Department of Chemical, Biomolecular, and Corrosion Engineering The University of Akron, Ohio 44325, United States.
Department of Polymer Engineering The University of Akron, Ohio 44325, United States.
ACS Chem Neurosci. 2021 Apr 21;12(8):1419-1427. doi: 10.1021/acschemneuro.1c00091. Epub 2021 Mar 29.
Accumulating evidence have shown a strong pathological correlation between cardiovascular disease (CVD) and Type II diabetes (T2D), both of which share many common risk factors (e.g., hyperglycemia, hypertension, hypercoagulability, and dyslipidemia) and mutually contribute to each other. Driven by such strong CVD-T2D correlation and marginal benefits from drug development for T2D, here we proposed to repurpose a CVD drug of cloridarol as human islet amyloid peptide (hIAPP) inhibitor against its abnormal misfolding and aggregation, which is considered as a common and critical pathological event in T2D. To this end, we investigated the inhibition activity of cloridarol on the aggregation and toxicity of hIAPP using combined experimental and computational approaches. Collective experimental data from ThT, AFM, and CD demonstrated the inhibition ability of cloridarol to prevent hIAPP aggregation from its monomeric and oligomeric states, leading to the overall reduction of hIAPP fibrils up to 57% at optimal conditions. MTT and LDH cell assays also showed that cloridarol can also effectively increase cell viability by 15% and decrease cell apoptosis by 28%, confirming its protection of islet β-cells from hIAPP-induced cell toxicity. Furthermore, comparative molecular dynamics simulations revealed that cloridarol was preferentially bound to the C-terminal β-sheet region of hIAPP oligomers through a combination of hydrophobic interactions, π-π stacking, and hydrogen bonding. Such multiple site bindings allowed cloridarol to disturb hIAPP structures, reduce β-sheet content, and block the lateral association pathway of hIAPP aggregates, thus explaining experimental findings. Different from other single-target hIAPP inhibitors, cloridarol is unique in that it works as both a CVD drug and hIAPP inhibitor, which can be used as a viable structural template (especially for benzofuran) for the further development of cloridarol-based or benzofuran-based inhibitors of amyloid proteins.
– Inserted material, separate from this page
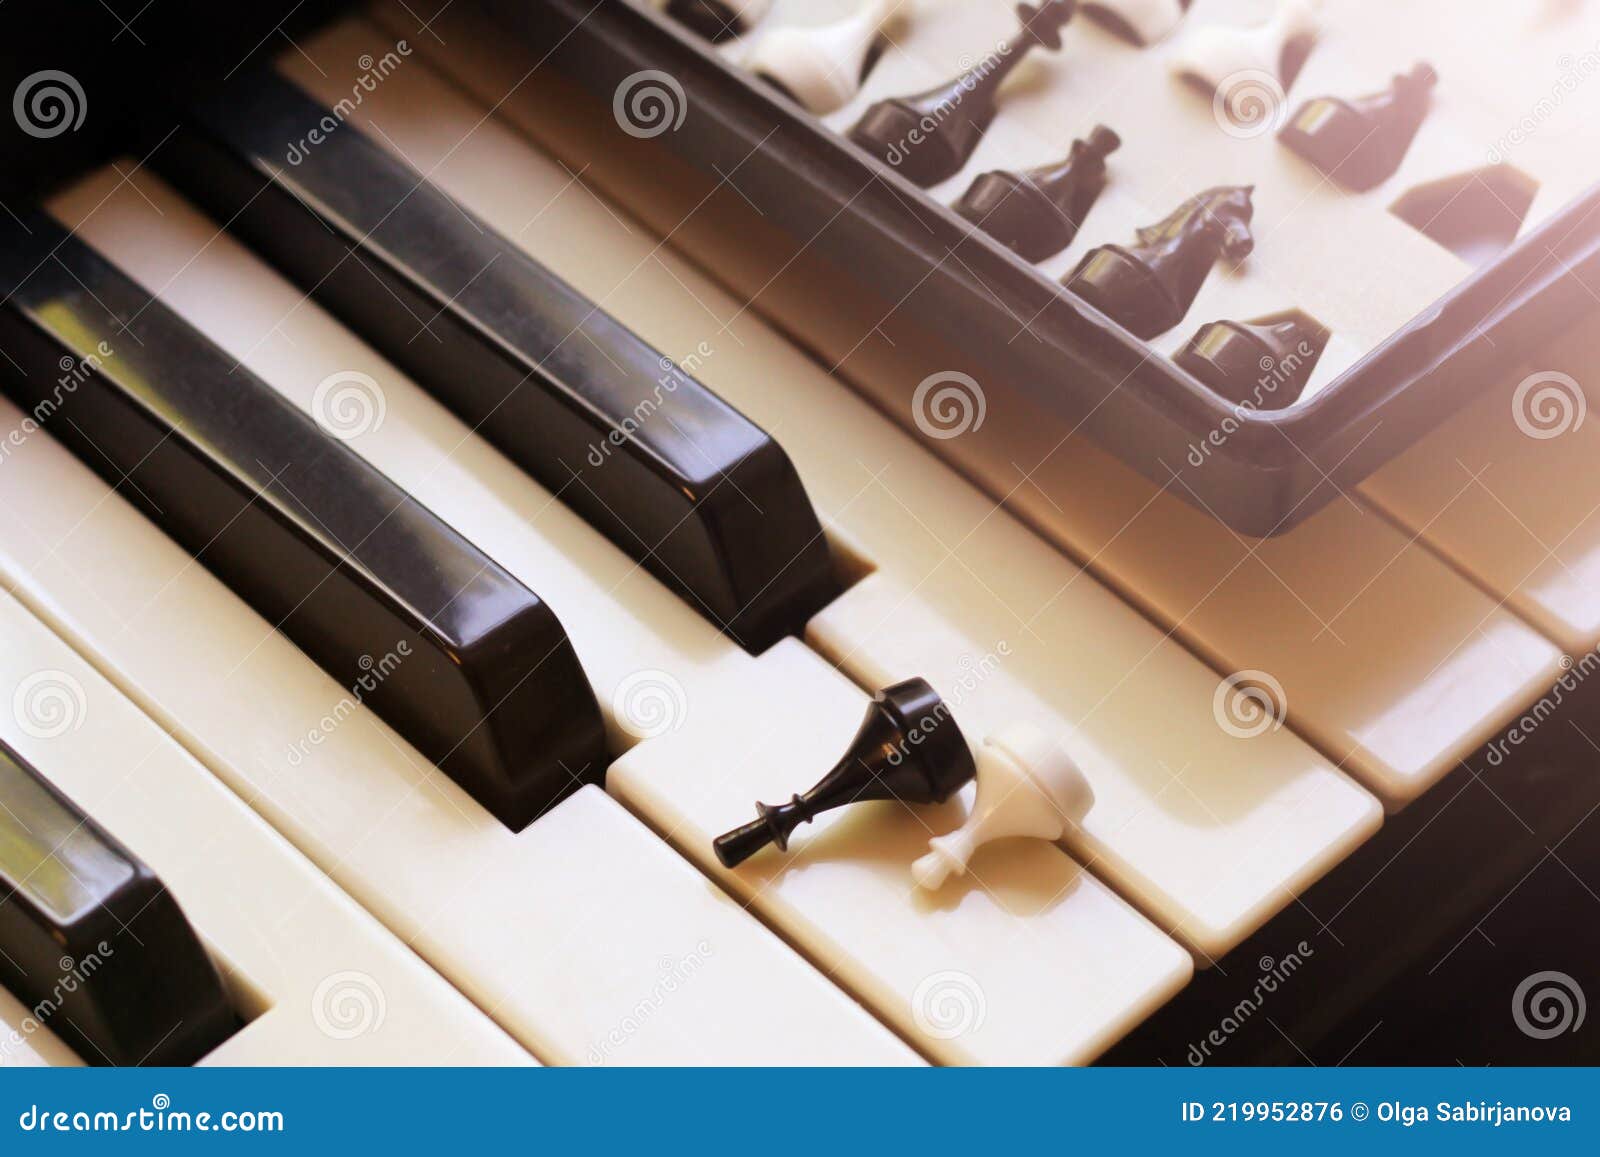 Chaves De Xadrez E Piano Tão Perto Imagem de Stock - Imagem de secado,  preto: 219983919

越来越多的证据表明,心血管疾病(CVD)和 2 型糖尿病(T2D)之间存在很强的病理相关性,两者都有许多共同的危险因素(如高血糖、高血压、高凝状态和血脂异常),并相互促进。由于这种强烈的 CVD-T2D 相关性以及 T2D 药物开发的边际效益,我们建议将氯达洛尔(一种 CVD 药物)重新用于抑制人胰岛淀粉样肽(hIAPP),以防止其异常错误折叠和聚集,这被认为是 T2D 的一种常见和关键的病理事件。为此,我们采用实验和计算相结合的方法研究了氯达洛尔对 hIAPP 聚集和毒性的抑制活性。ThT、AFM 和 CD 的综合实验数据表明,氯达洛尔具有抑制 hIAPP 从单体和寡聚体状态聚集的能力,在最佳条件下可使 hIAPP 纤维的总体减少 57%。MTT 和 LDH 细胞检测也表明,氯达洛尔还可以有效提高细胞活力 15%,降低细胞凋亡 28%,从而证实其对胰岛 β 细胞免受 hIAPP 诱导的细胞毒性的保护作用。此外,比较分子动力学模拟表明,氯达洛尔通过疏水相互作用、π-π 堆积和氢键的结合,优先结合到 hIAPP 寡聚物的 C 端β-折叠区域。这种多部位结合使氯达洛尔能够扰乱 hIAPP 结构,降低 β-折叠含量,并阻断 hIAPP 聚集体的侧向缔合途径,从而解释了实验结果。与其他单一靶点 hIAPP 抑制剂不同,氯达洛尔的独特之处在于它既是 CVD 药物,又是 hIAPP 抑制剂,可作为基于氯达洛尔或苯并呋喃的淀粉样蛋白抑制剂的可行结构模板(尤其是苯并呋喃)。